US copper futures ended down Friday as mixed economic data from Europe and the US underscored concerns about the health of the global economy and fed a price correction from over-heated levels that may extend into the coming week, analysts said. Copper for July delivery eased 0.95 cent to settle at $2.0175 a lb on the New York Mercantile Exchange's COMEX.
Sessions range from $1.9735 to $2.0465. Benchmark July contract having trouble holding the 200-day moving average - Matthew Zeman, head of trading with LaSalle Futures Group in Chicago. Inability to sustain early-May breakout above the 200-day moving average indicative of a false breakout.
Sideways to lower price action expected in the coming week - Zeman. Initial support in July copper seen at the psychological $2.00 level, followed by $1.93-$1.95 area.
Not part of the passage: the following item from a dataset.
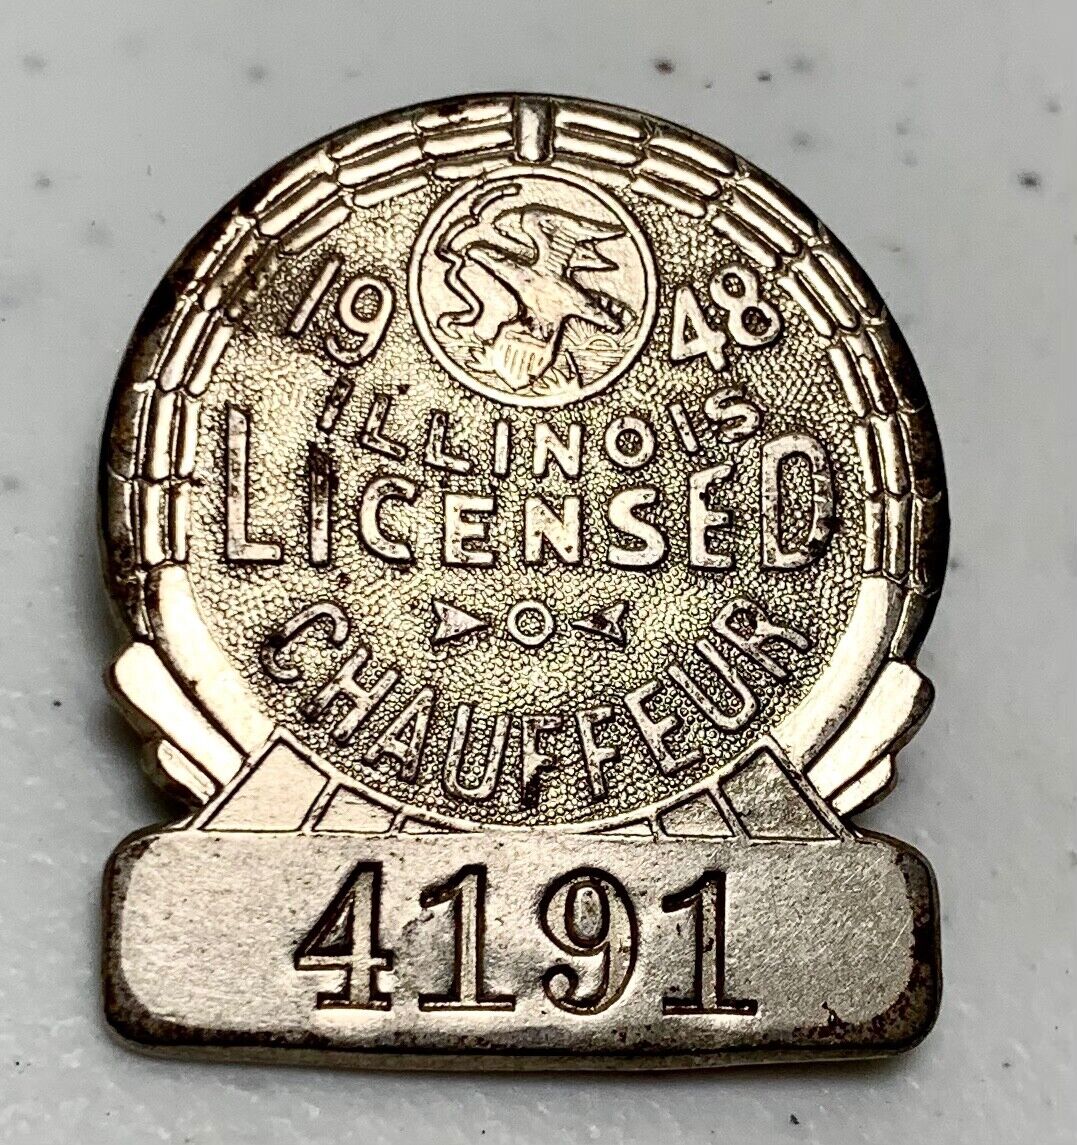 Vintage 1948 Chauffeur Licensed Badge #4181

First resistance pegged at $2.08 - Steve Platt, futures analyst with Archer Financial Services in Chicago.
COMEX estimated futures volume at 18,270 lots by 1 pm EDT (1700 GMT). Final volume on Thursday hit 20,968 lots. Open interest fell by 145 lots to 106,251 contracts open as of May 14. Market down in extended pull-back from overdone speculative interest tied to premature economic recovery hopes - Platt.
Record 3.8 percent plunge in German first quarter gross domestic product reinforced waning optimism for economic recovery. Failure to react strongly to better-than-expected US consumer sentiment and manufacturing data signals loss of upside bullish momentum - Zeman.
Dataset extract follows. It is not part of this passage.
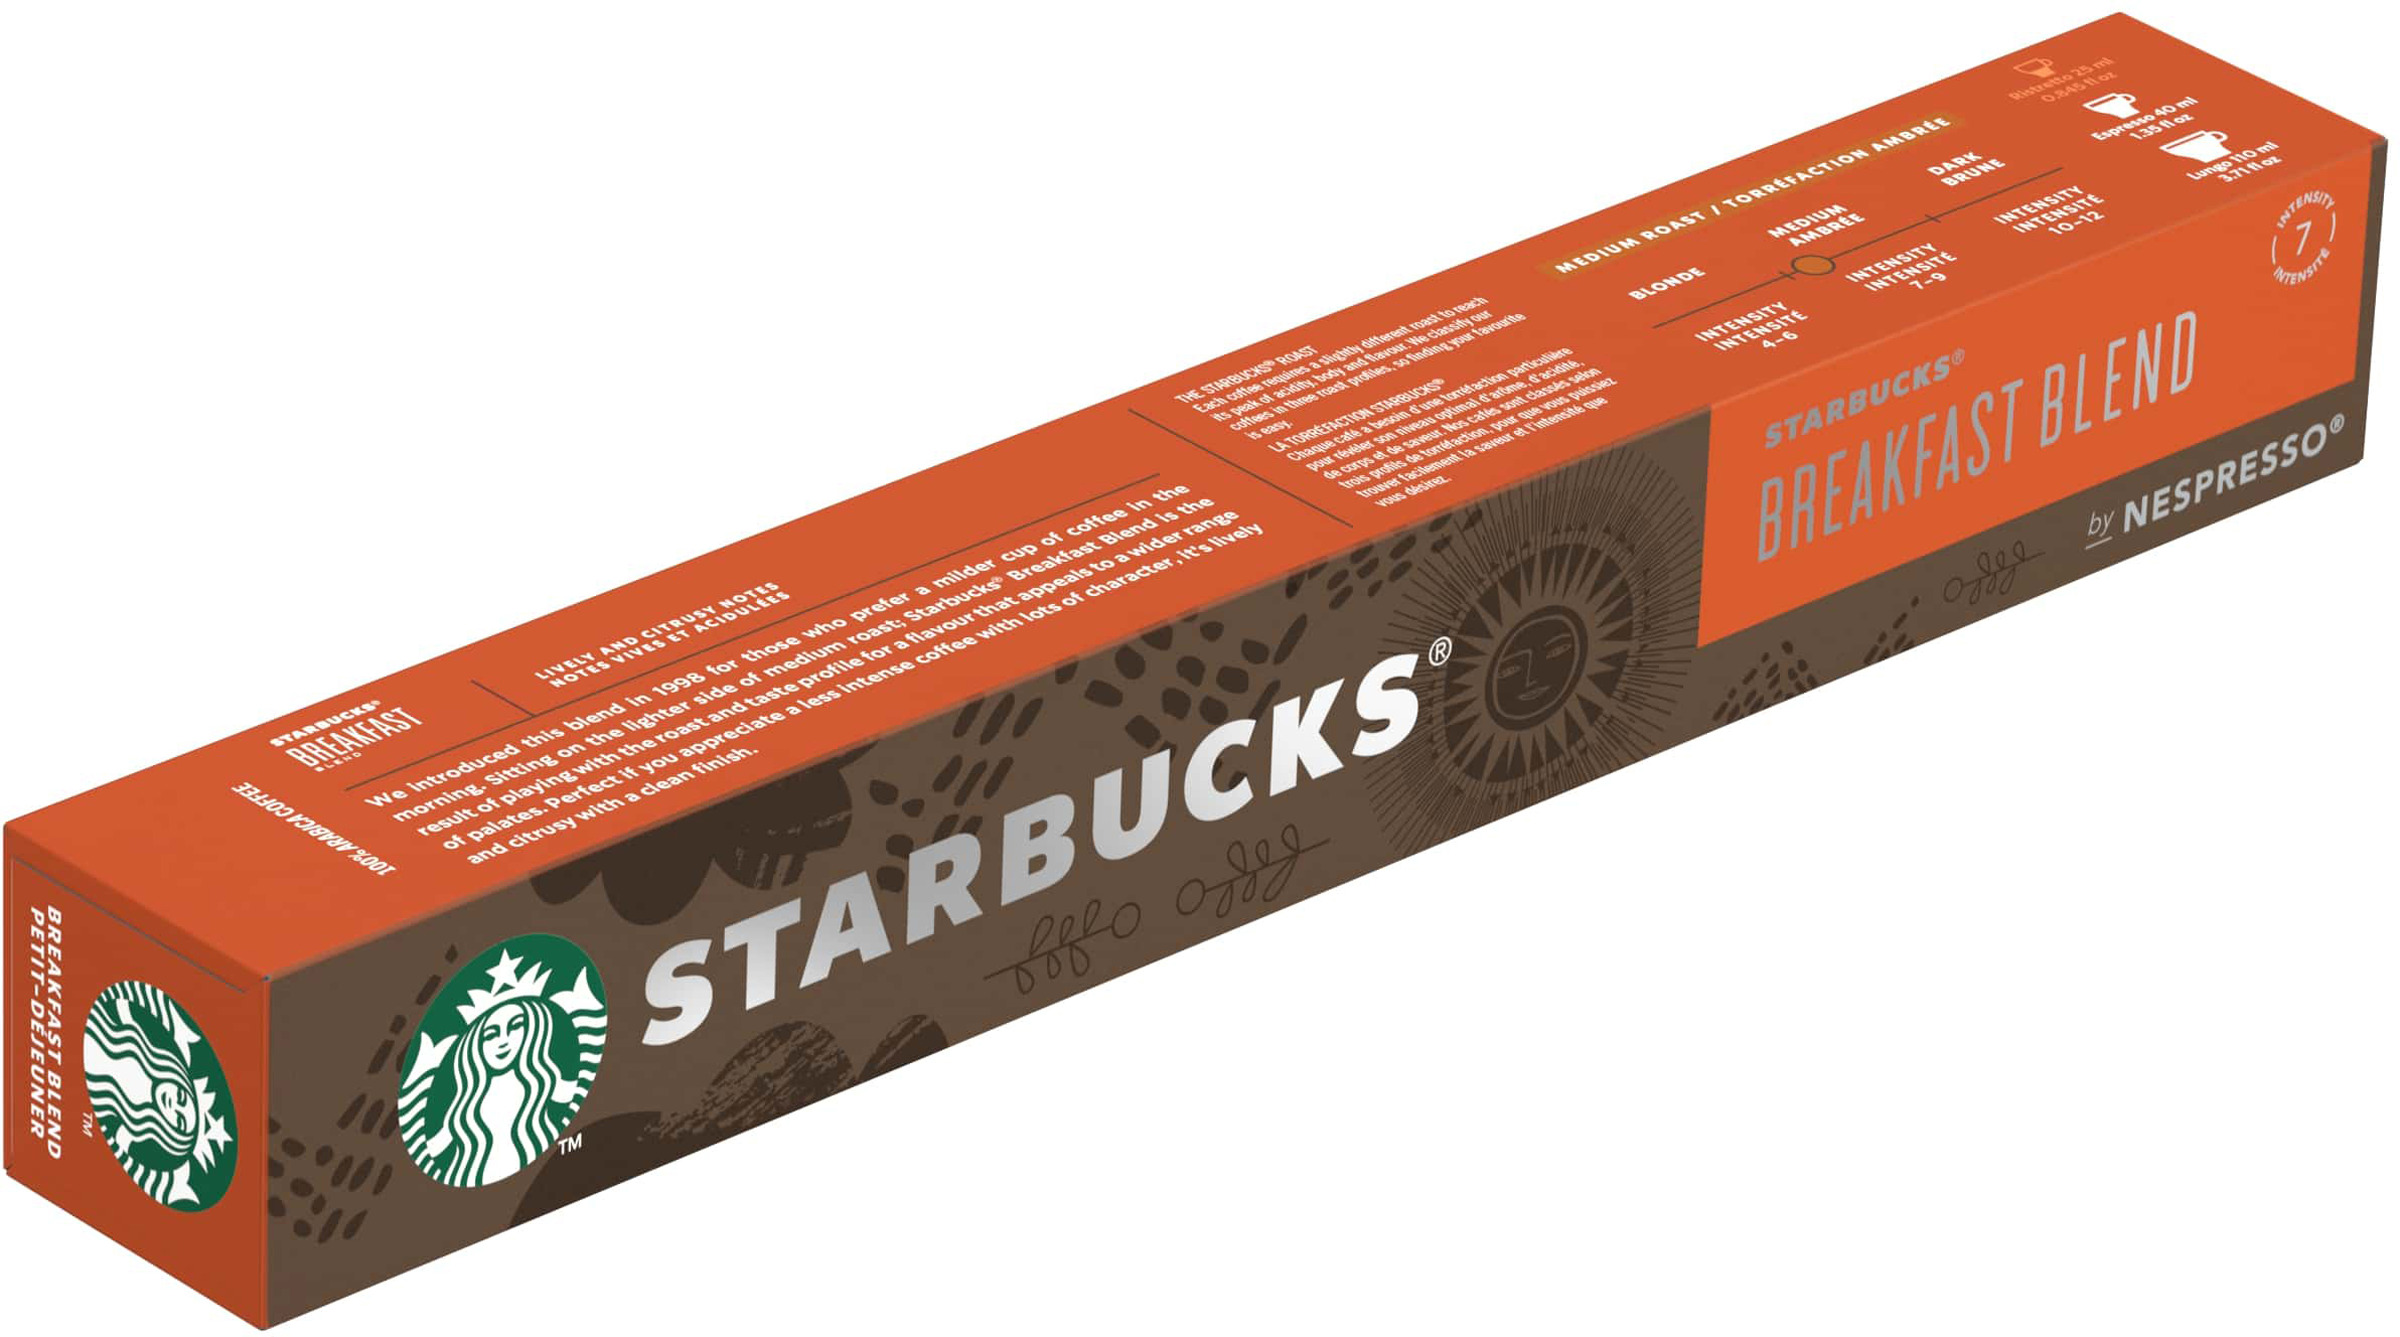 STARBUCKS Starbucks by Nespresso Breakfast Blend kaffekapslar 10 st

A gauge of manufacturing in New York State signalled slowing contraction in May after hitting a record low only two months earlier - New York Federal Reserve. US industrial production fell 0.5 percent in April, dropping for the sixth consecutive month but at a more modest pace than in recent months - Federal Reserve.
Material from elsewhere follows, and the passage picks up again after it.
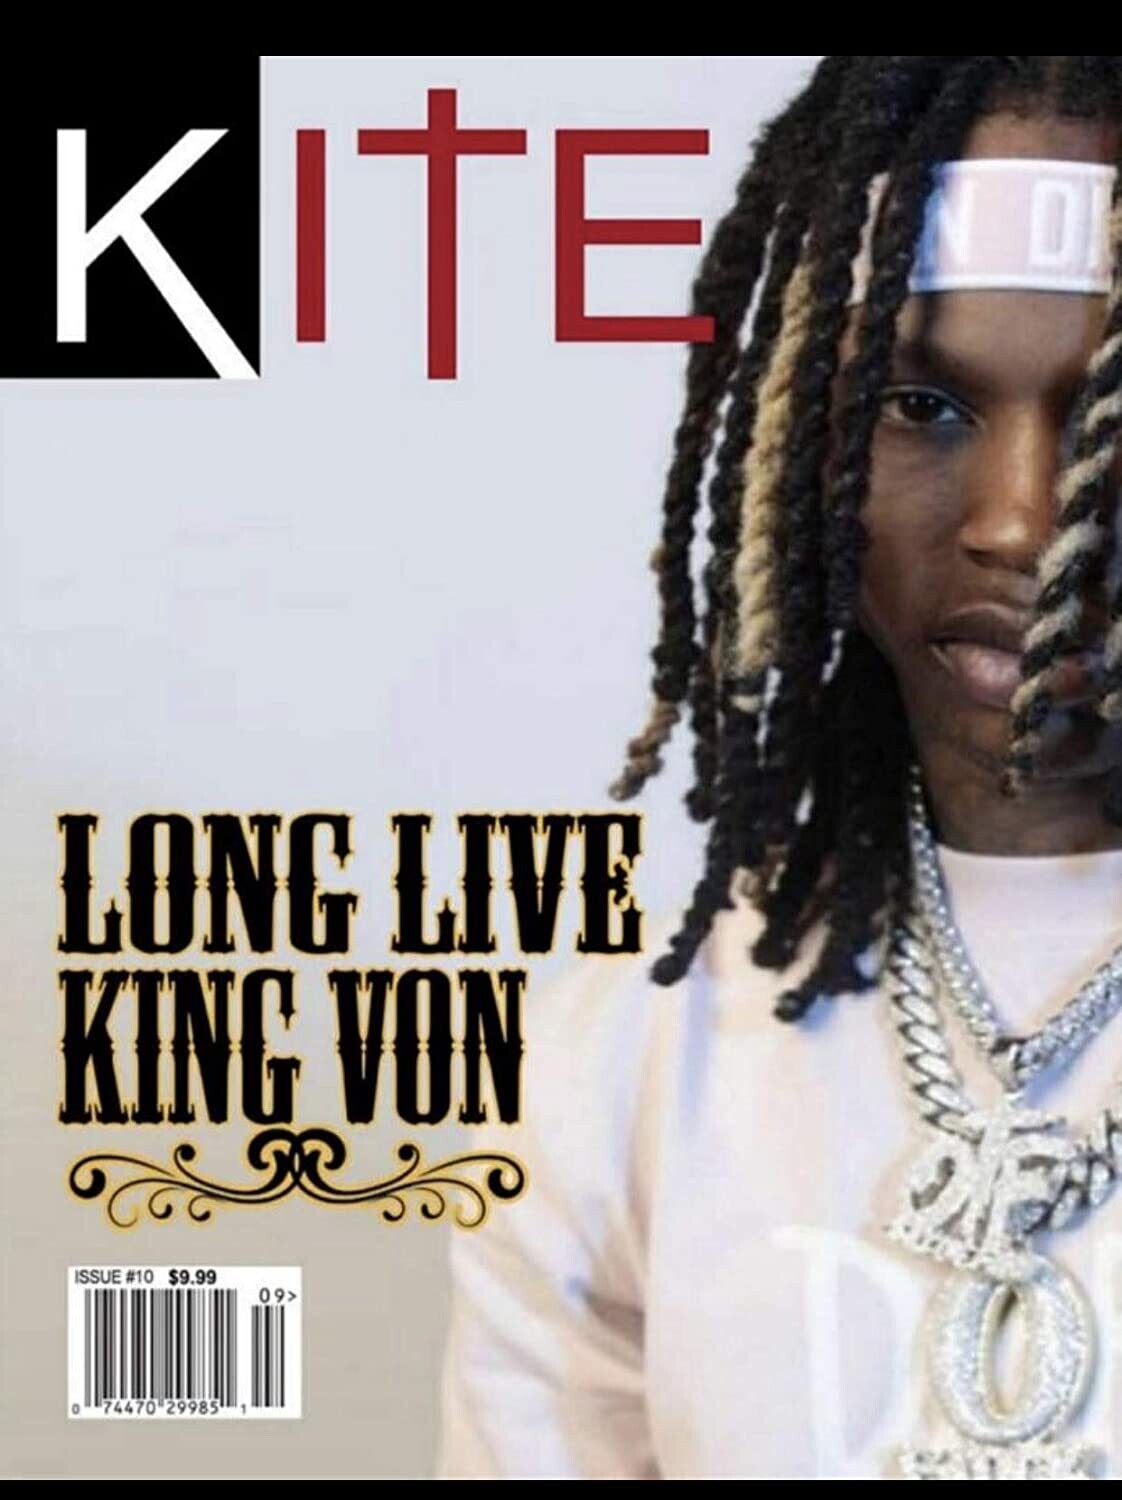 Kite Magazine Issue 10 Year King Von

Copper inventories in warehouses monitored by the Shanghai Futures Exchange rose 28 percent to 35,389 tonnes from 27,690 tonnes a week earlier. London Metal Exchange warehouse stocks plunged 12,850 tonnes to 357,800 tonnes on Friday. COMEX copper stocks went up 279 short tons to 49,511 short tons as of Thursday.
Peru's largest federation of mining unions has agreed to call an indefinite, nation-wide strike starting on June 15 to demand better working conditions. Mine workers ended a nine-day strike over wages at Xstrata's Lomas Bayas copper deposit in Chile. The deposit has annual output capacity of around 75,000 tonnes of copper. LME copper for three-months delivery edged up $5 to settle at $4,450 a tonne.